血管性認知症の原因となる脳卒中を防ぐためには、日常生活における注意点が存在。ここでは、2つの注意点について解説をします。

生活習慣の改善

食生活の改善

食生活では野菜、果物、穀物、たんぱく質、健康な脂質などをバランス良く摂取することを心がけましょう。食物繊維は、血糖コントロールなどにも役立ちます。野菜、果物、穀物、豆類などから適切な量の食物繊維が摂取可能です。また、魚介類に含まれるオメガ3脂肪酸は、脳の健康に良い影響を与えるとされています。さらに調理法も重要。揚げ物など油っぽい調理は避け、蒸したり焼いたりするなどの調理法を選ぶようにしましょう。

睡眠の改善

適度な睡眠が重要

睡眠の質を向上させるためには、毎晩同じ時間に寝る習慣を作り、朝起きる時間も一定にすることで、体内時計を整えることが重要です。寝室は静かで暗く、快適な温度と湿度を保つようにしましょう。

また、日中に適度な活動を行うことで、夜の睡眠を促進することが可能。運動を取り入れて、活発な過ごし方を心がけましょう。なお、夜には過度の運動、興奮を引き起こす活動を避けるべきです。

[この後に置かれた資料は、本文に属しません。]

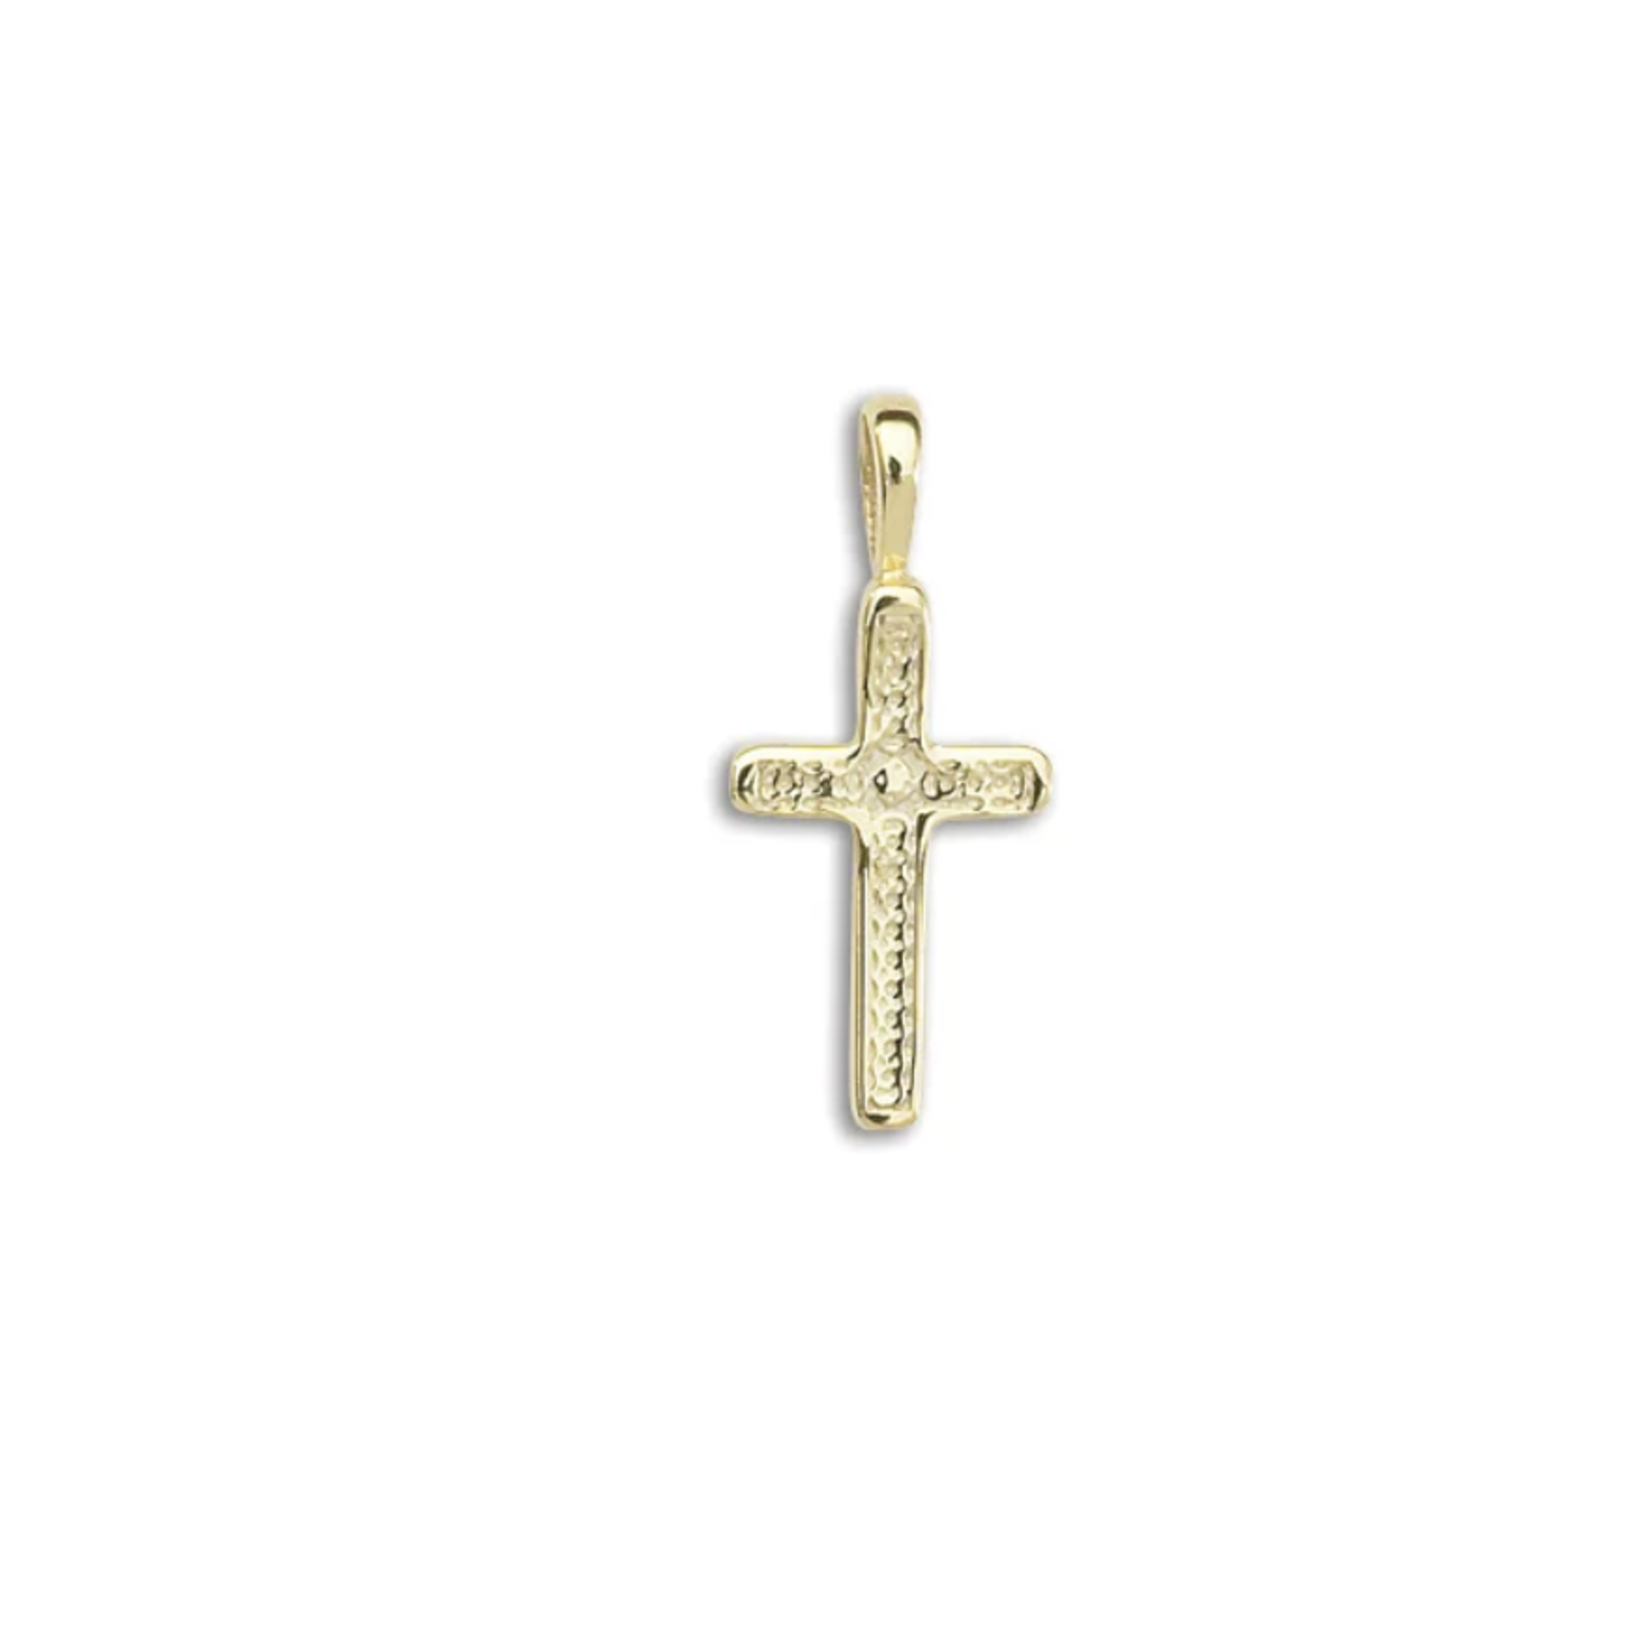 D'Amico 14K Yellow Gold Small Knot Cross pendant
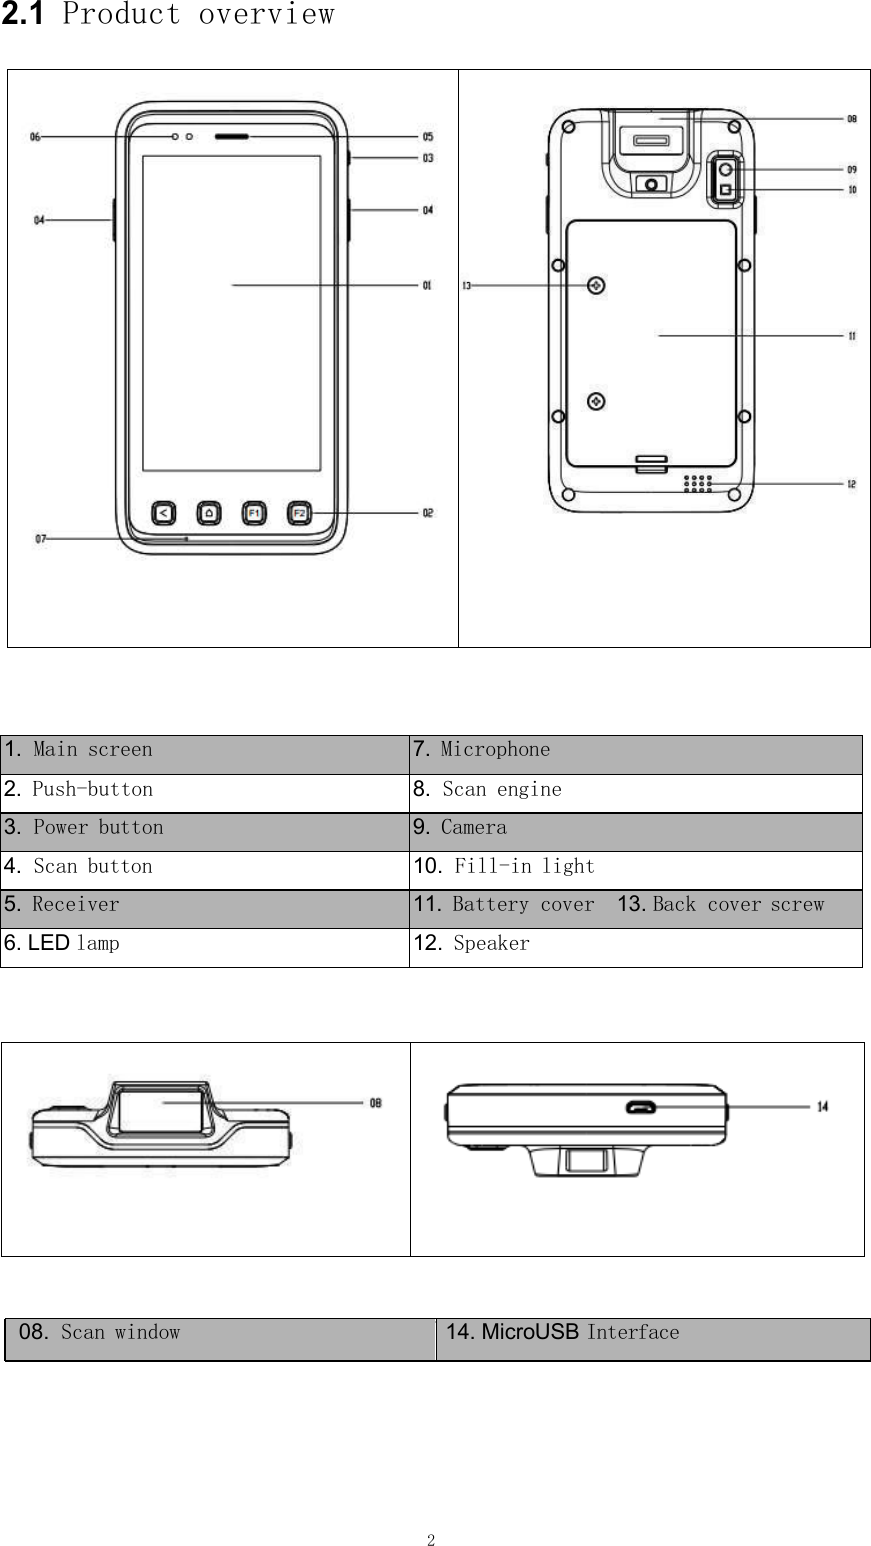 2   2.1  Product overview                                       1.  Main screen    7.  Microphone   2.  Push-button    8.  Scan engine   3.  Power button    9.  Camera   4.  Scan button    10.  Fill-in light   5.  Receiver    11.  Battery cover  13. Back cover screw   6. LED lamp    12.  Speaker              08.  Scan window    14. MicroUSB Interface

また、血管性認知症を発症している場合、睡眠障害が現れることがあります。不眠、過度の眠気などの症状が見られる場合は、すみやかに医師へ相談し、専門的な評価と管理を受けることが重要です。適切な睡眠障害の治療を受けることで、睡眠の質の改善が期待できます。

禁煙

喫煙は血管を収縮させ、血流を制限。また、喫煙は体内の炎症反応を引き起こす可能性も。炎症反応は血管内の血液循環を妨げ、血管内膜の損傷を引き起こす要因となるのです。さらに禁煙によって血管の損傷、詰まりを減少させ、脳に十分な酸素、栄養を供給することが可能になります。

アルコールの適量化

アルコールは脳の機能に干渉し、認知機能の低下、血管の損傷を引き起こすことが知られているため、適切なアルコール量の摂取と頻度を心掛けましょう。

適度な運動

適度な運動を行うことで、脳の血流を増加させる効果があります。運動により心臓のポンプ作用が高まり、血液がスムーズに全身に送られるため、脳への酸素や栄養供給が向上。これにより、認知機能の改善が期待できます。また、適度な運動は、筋力やバランス、柔軟性などの身体的機能を維持して転倒や怪我のリスクを減らし、日常生活の自立性を維持することも可能なのです。